Tara HD
- Country: Malaysia
- Broadcast area: Malaysia Brunei
- Headquarters: Kuala Lumpur, Malaysia

Programming
- Languages: Hindi English
- Picture format: 1080i HDTV

Ownership
- Owner: Astro Malaysia Holdings Sdn. Bhd.

History
- Launched: 19 October 2016
- Replaced: Zee Variasi
- Closed: 1 October 2019

= Tara HD =

Malaysian Hindi-language television channel

Tara HD was a Malaysian Hindi-language pay-television channel, owned by satellite provider Astro.

It offered Bollywood movies and Indian-made programming, including television productions from Colors TV, StarPlus, Life OK, Sony Entertainment Television, Colors Infinity, Star World, FYI TV18, Zoom, NDTV Good Times, Food Food TV, Big Magic, MTV India, Living Foodz and Zee TV.

Viewers were able to watch a variety of shows with English and Tamil subtitles.

The channel was launched on 19 October 2016, replacing Zee Variasi, and broadcast movies and programs with optional Malay and English subtitles.
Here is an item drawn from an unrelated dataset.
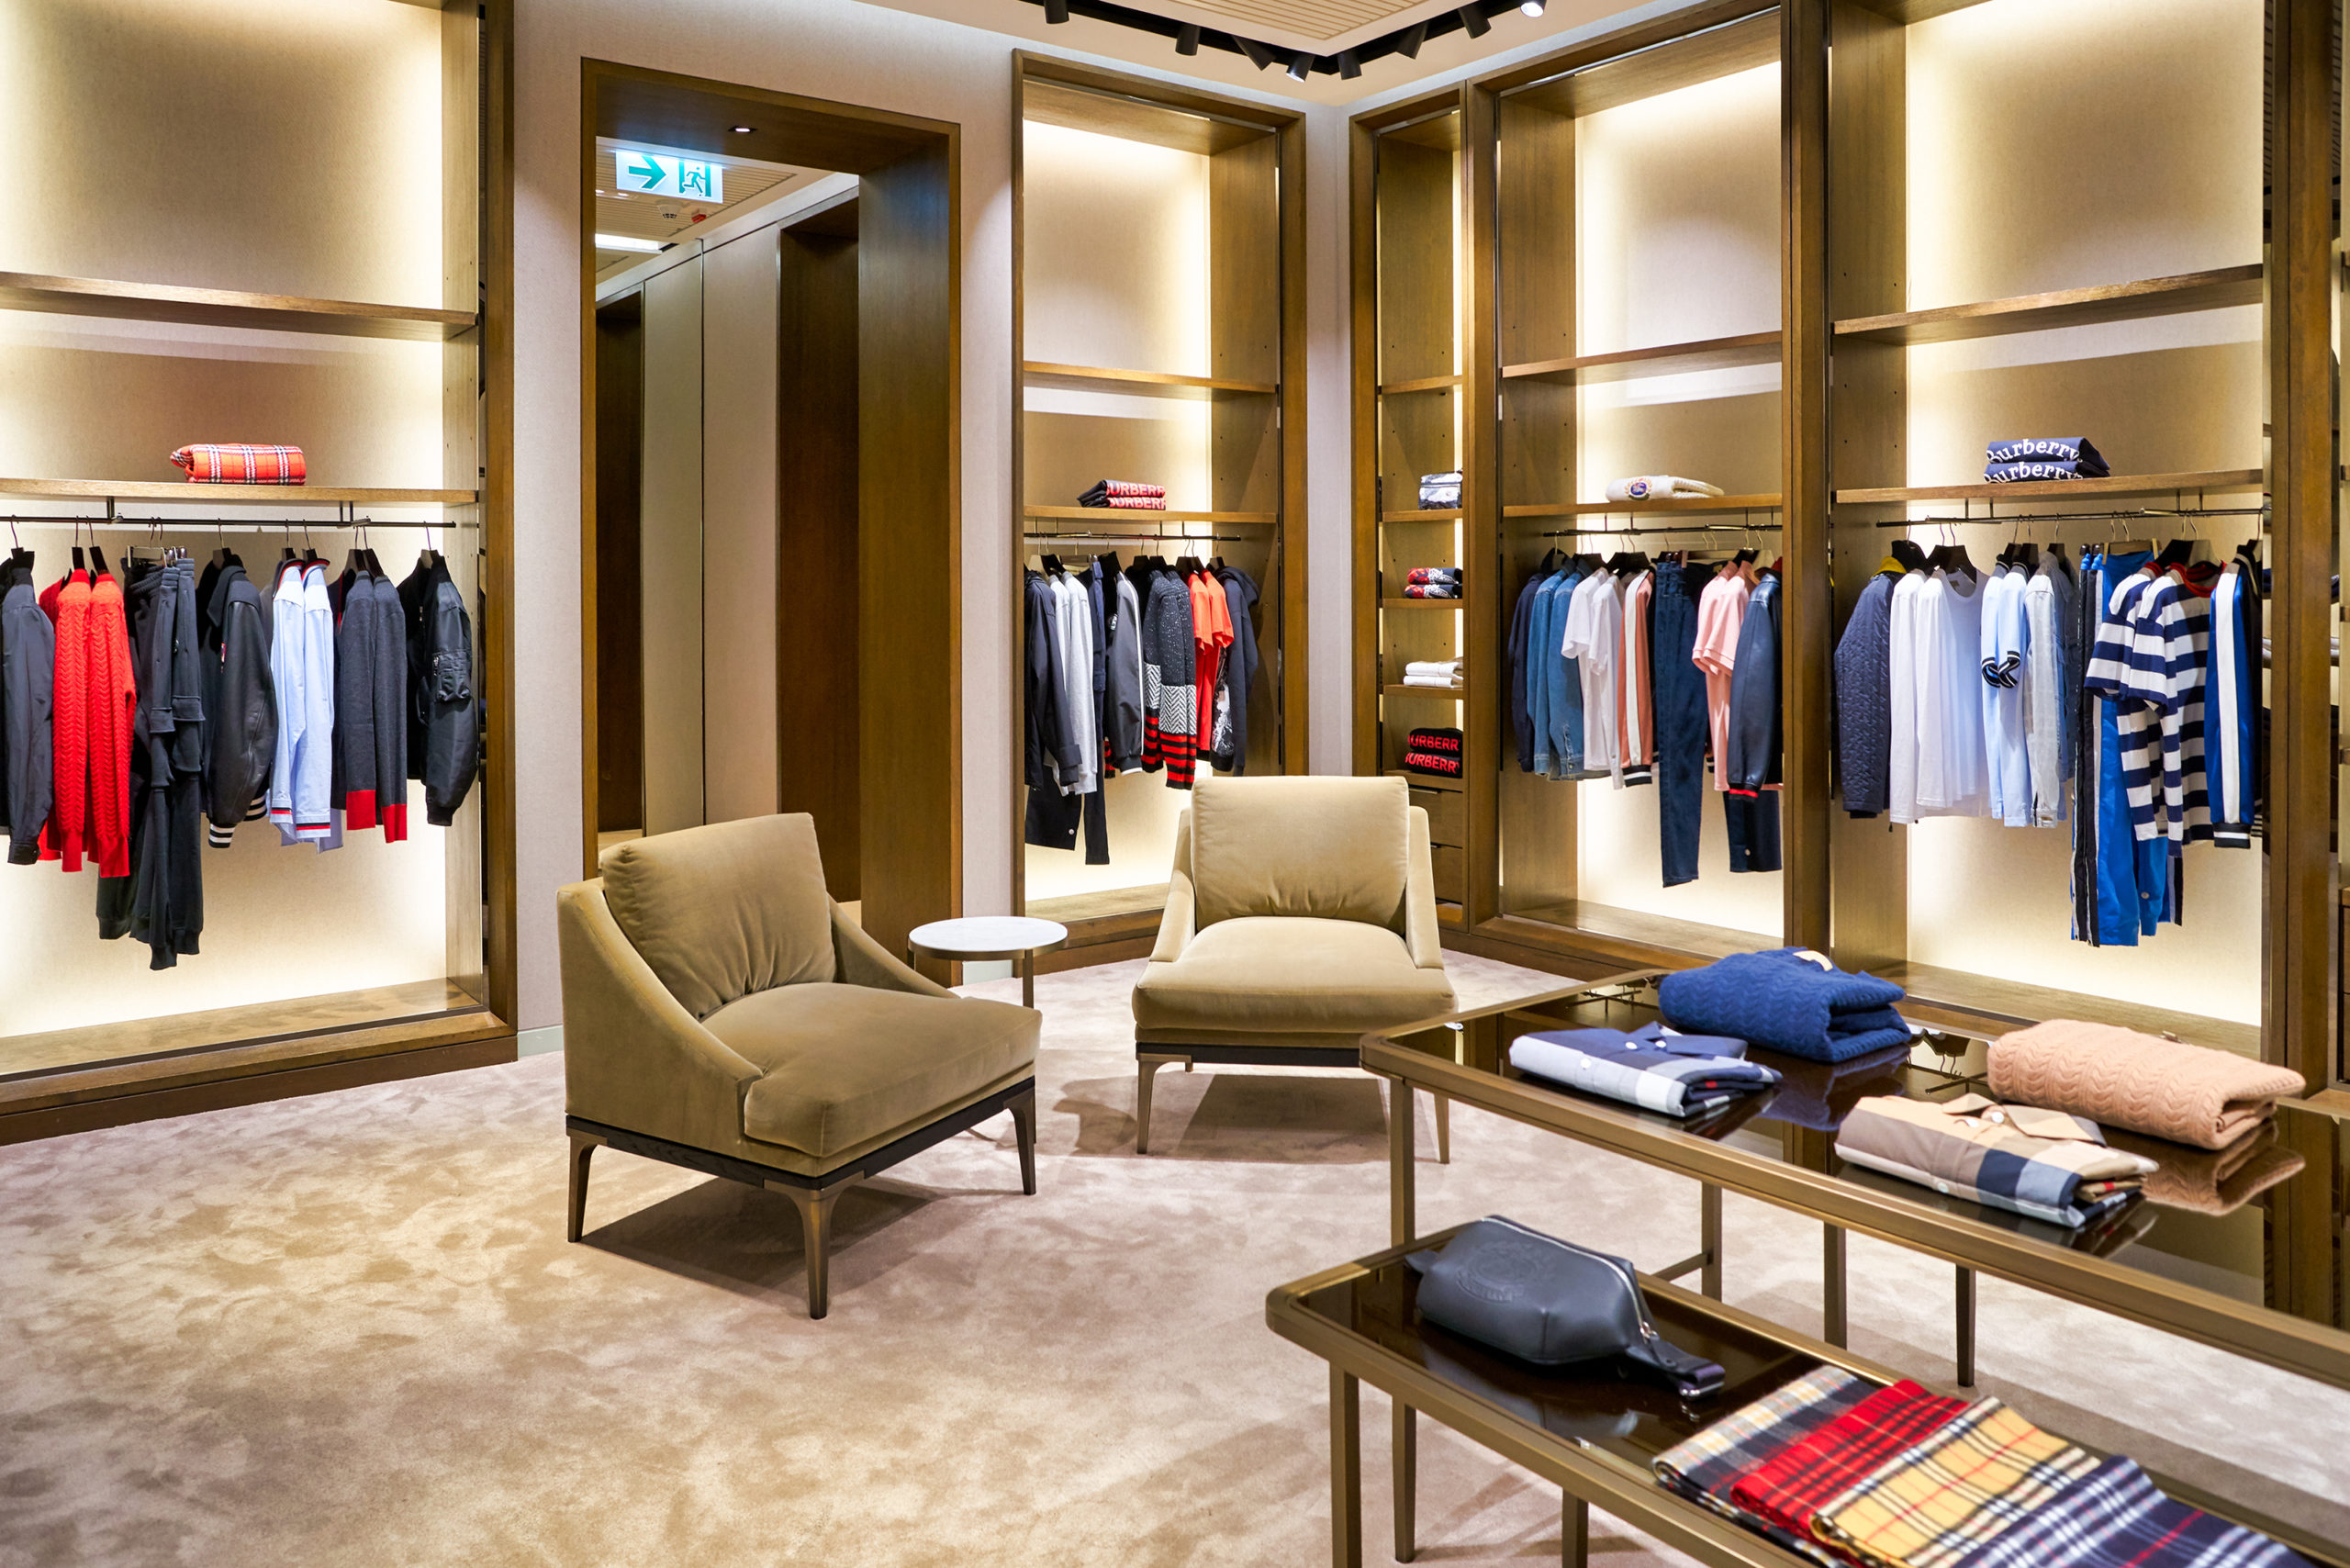 Burberry CFO, COO Julie Brown to Depart Company – Visual Merchandising and  Store Design

The channel ended its broadcast on 1 October 2019 and was replaced by Colors HD on the same channel number.

After Tara HD's closure, selected serials such as Shakti and discontinued shows (such as Court Room - Sachchai Hazir Ho and Madhubala - Ek Ishq Ek Junoon) from Colors Hindi continued on new channel Colors HD. Tujhse Hai Raabta, Ye Hai Mohabbatein, Kasautii Zindagii Kay, Crime Patrol Dial 100, Nazar, Qayamat Ki Raat and pre-Tara HD original shows moved to a sister channel, Astro Bollyone HD.